→ **Data section**
★ ★ ★ ★

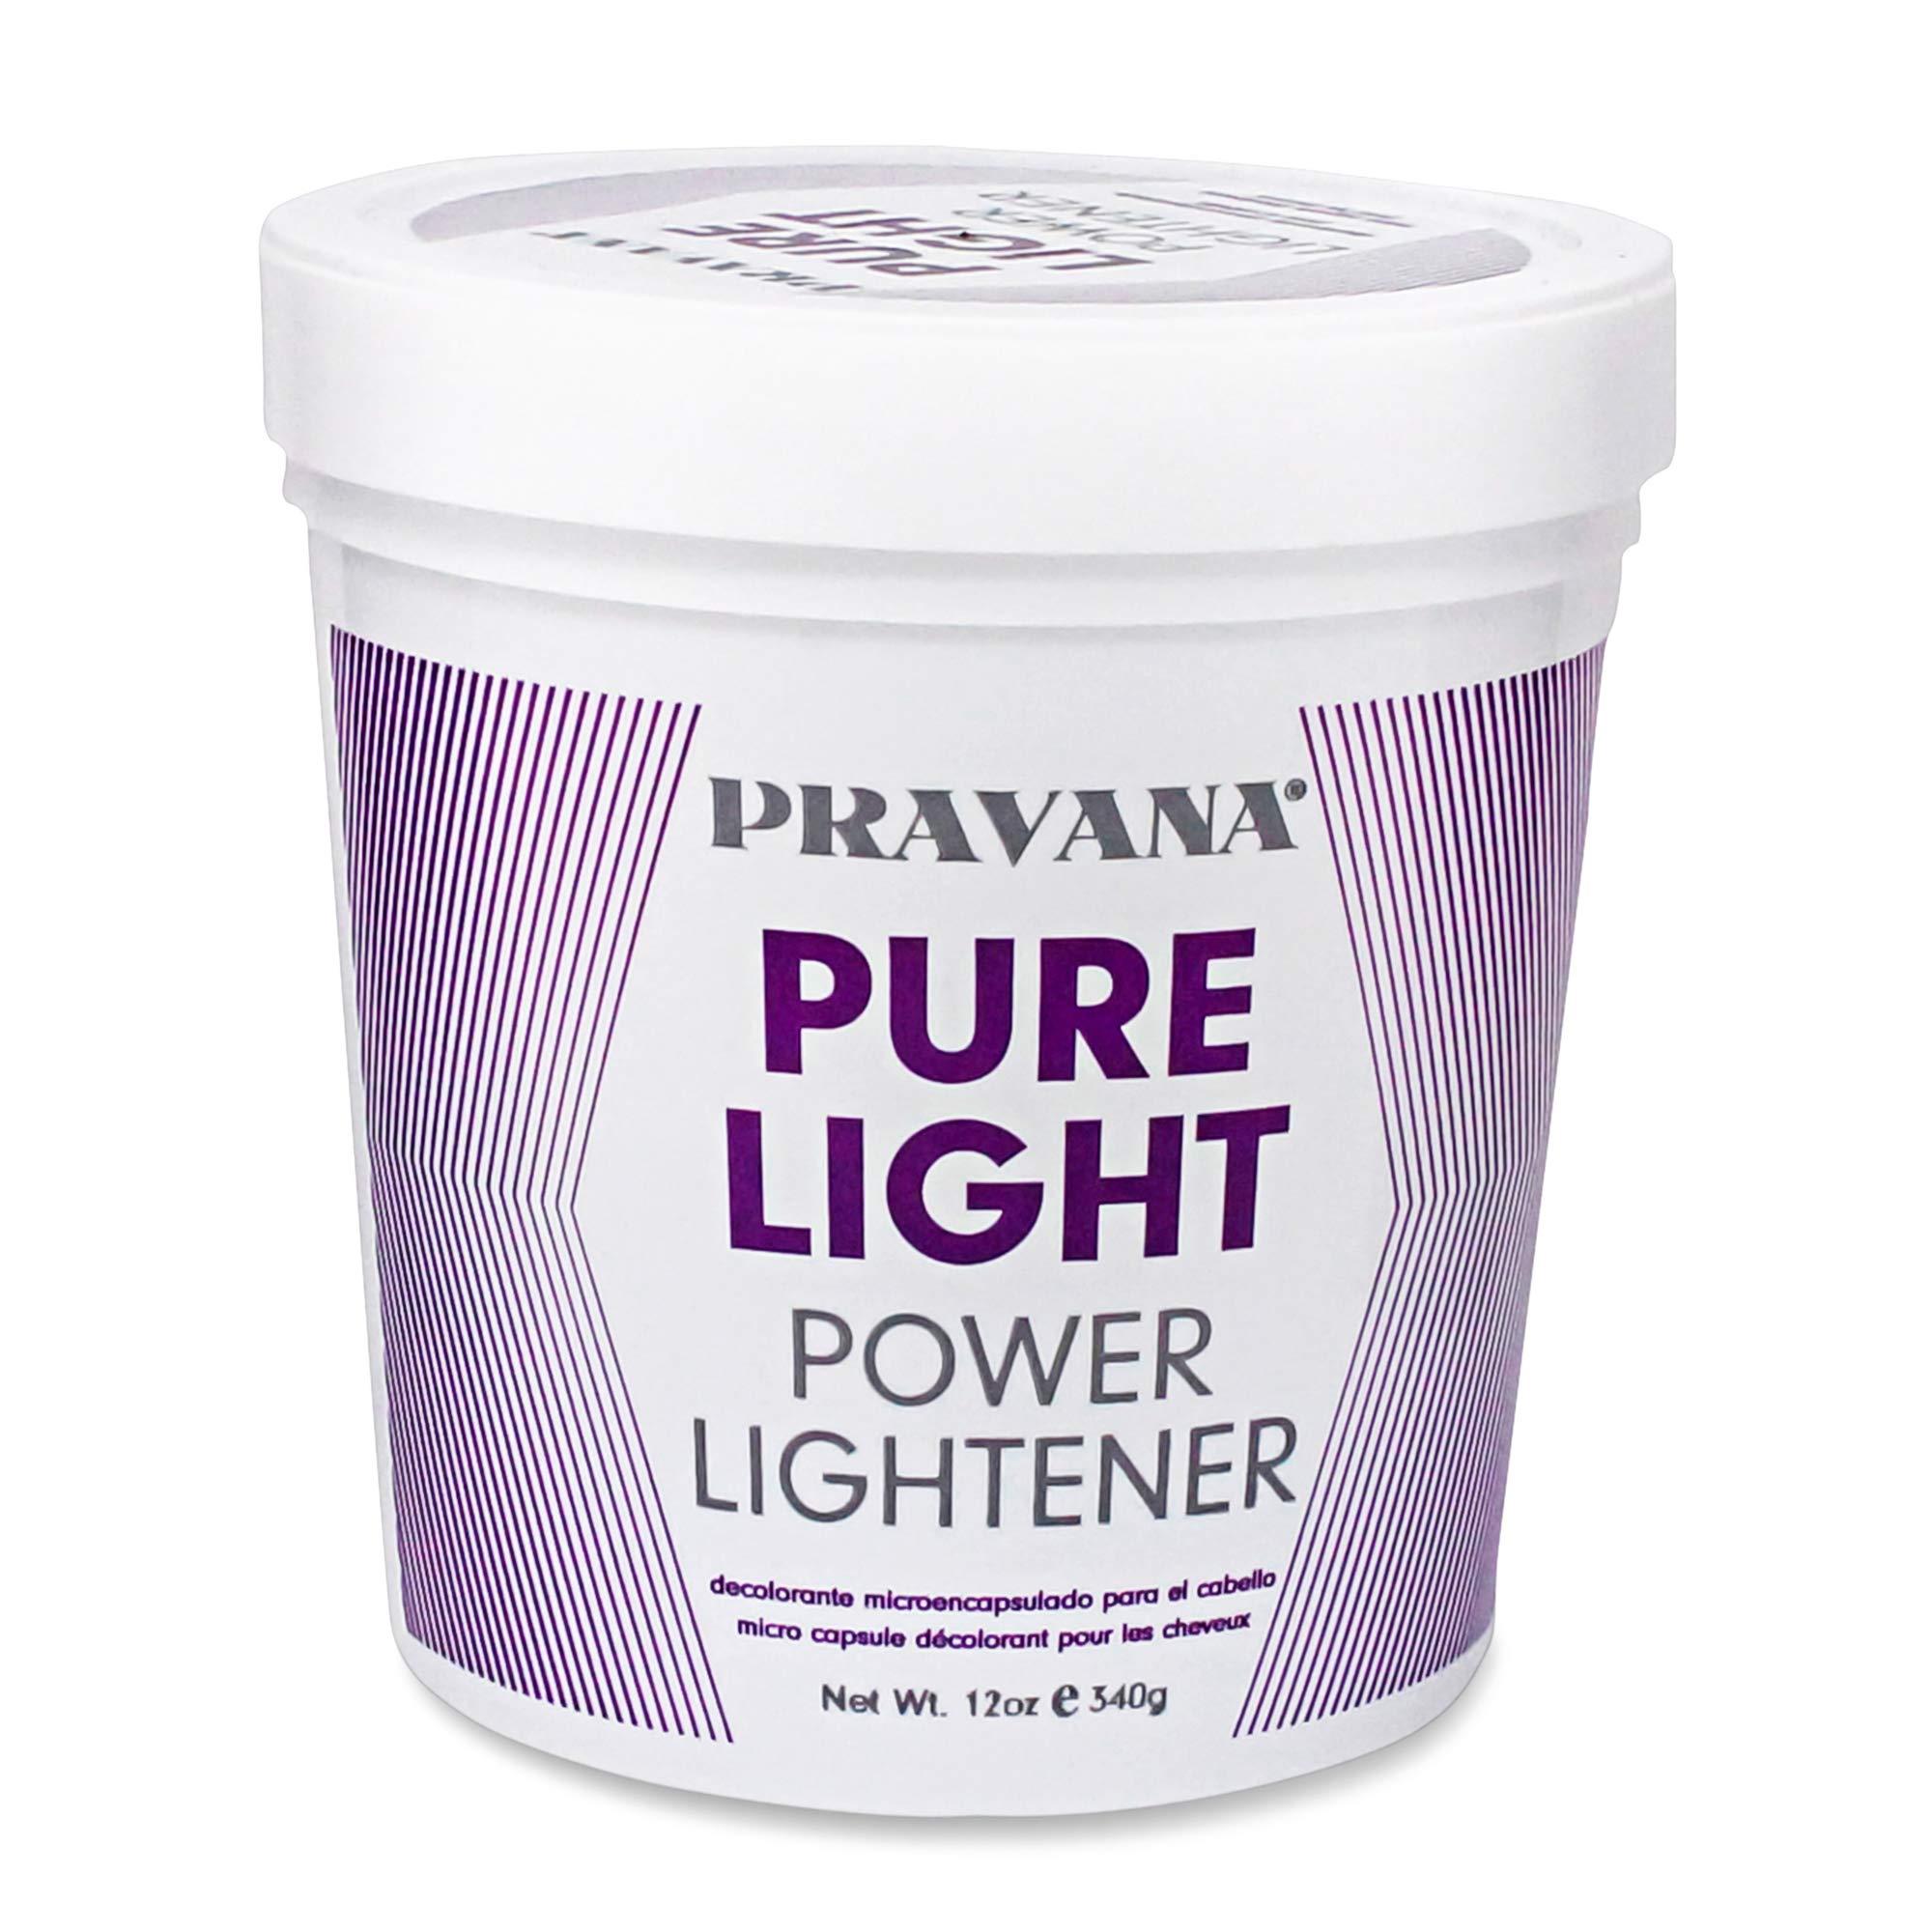 Pravana Pure Light Power Lightener 12 oz by Pravana
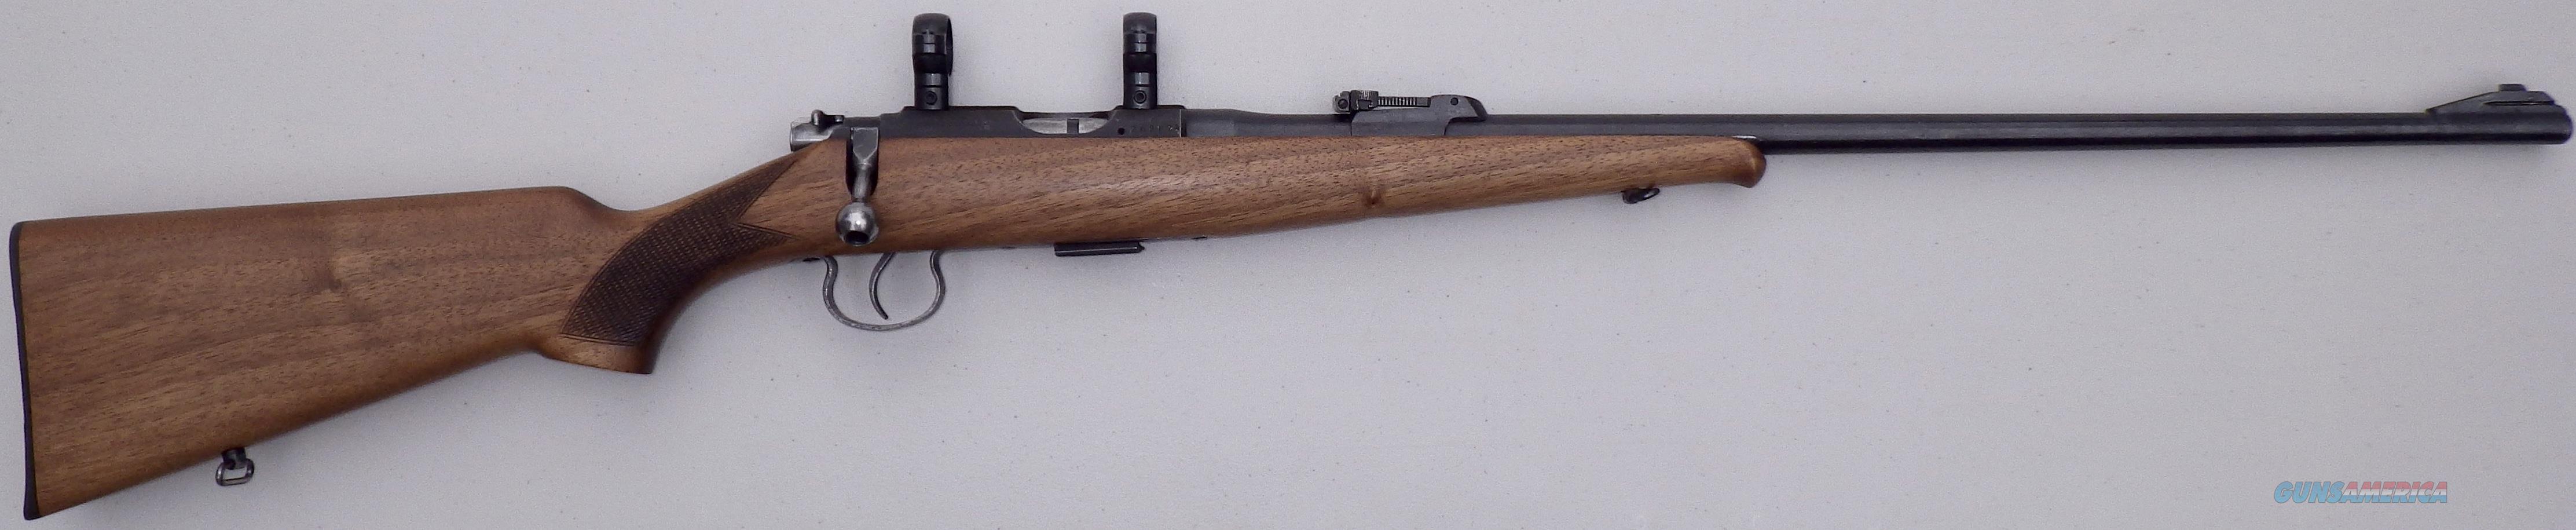 CZ / BRNO Model 2 .22 LR, 1977, CAI, sights, ri... for sale
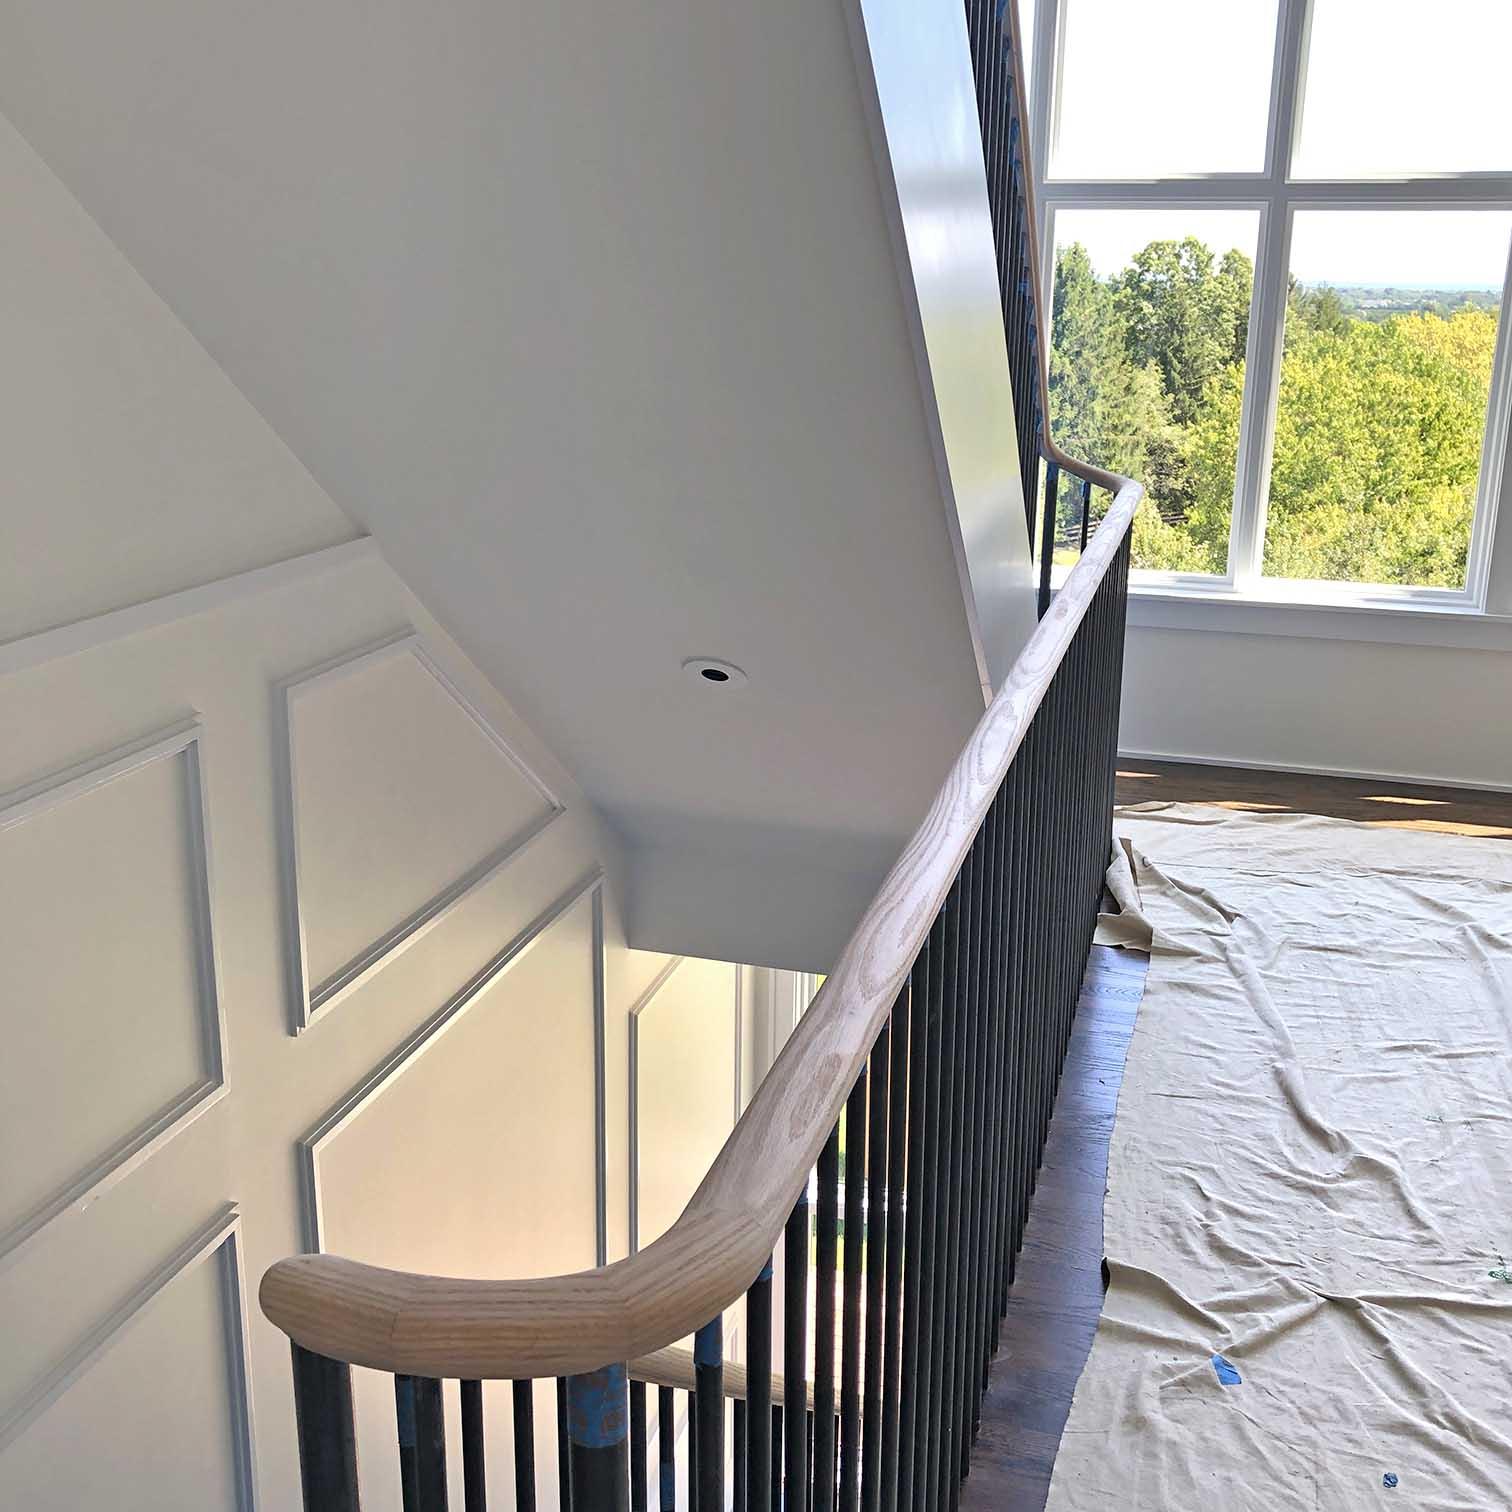 handrail_2.jpg

★ ★ ★ ★

→ **What is expected**
Repeat the material line for line. Pictures stay out of the copy.

→ **Exercise result**
 Pravana Pure Light Power Lightener 12 oz by Pravana
 CZ / BRNO Model 2 .22 LR, 1977, CAI, sights, ri... for sale
 handrail_2.jpg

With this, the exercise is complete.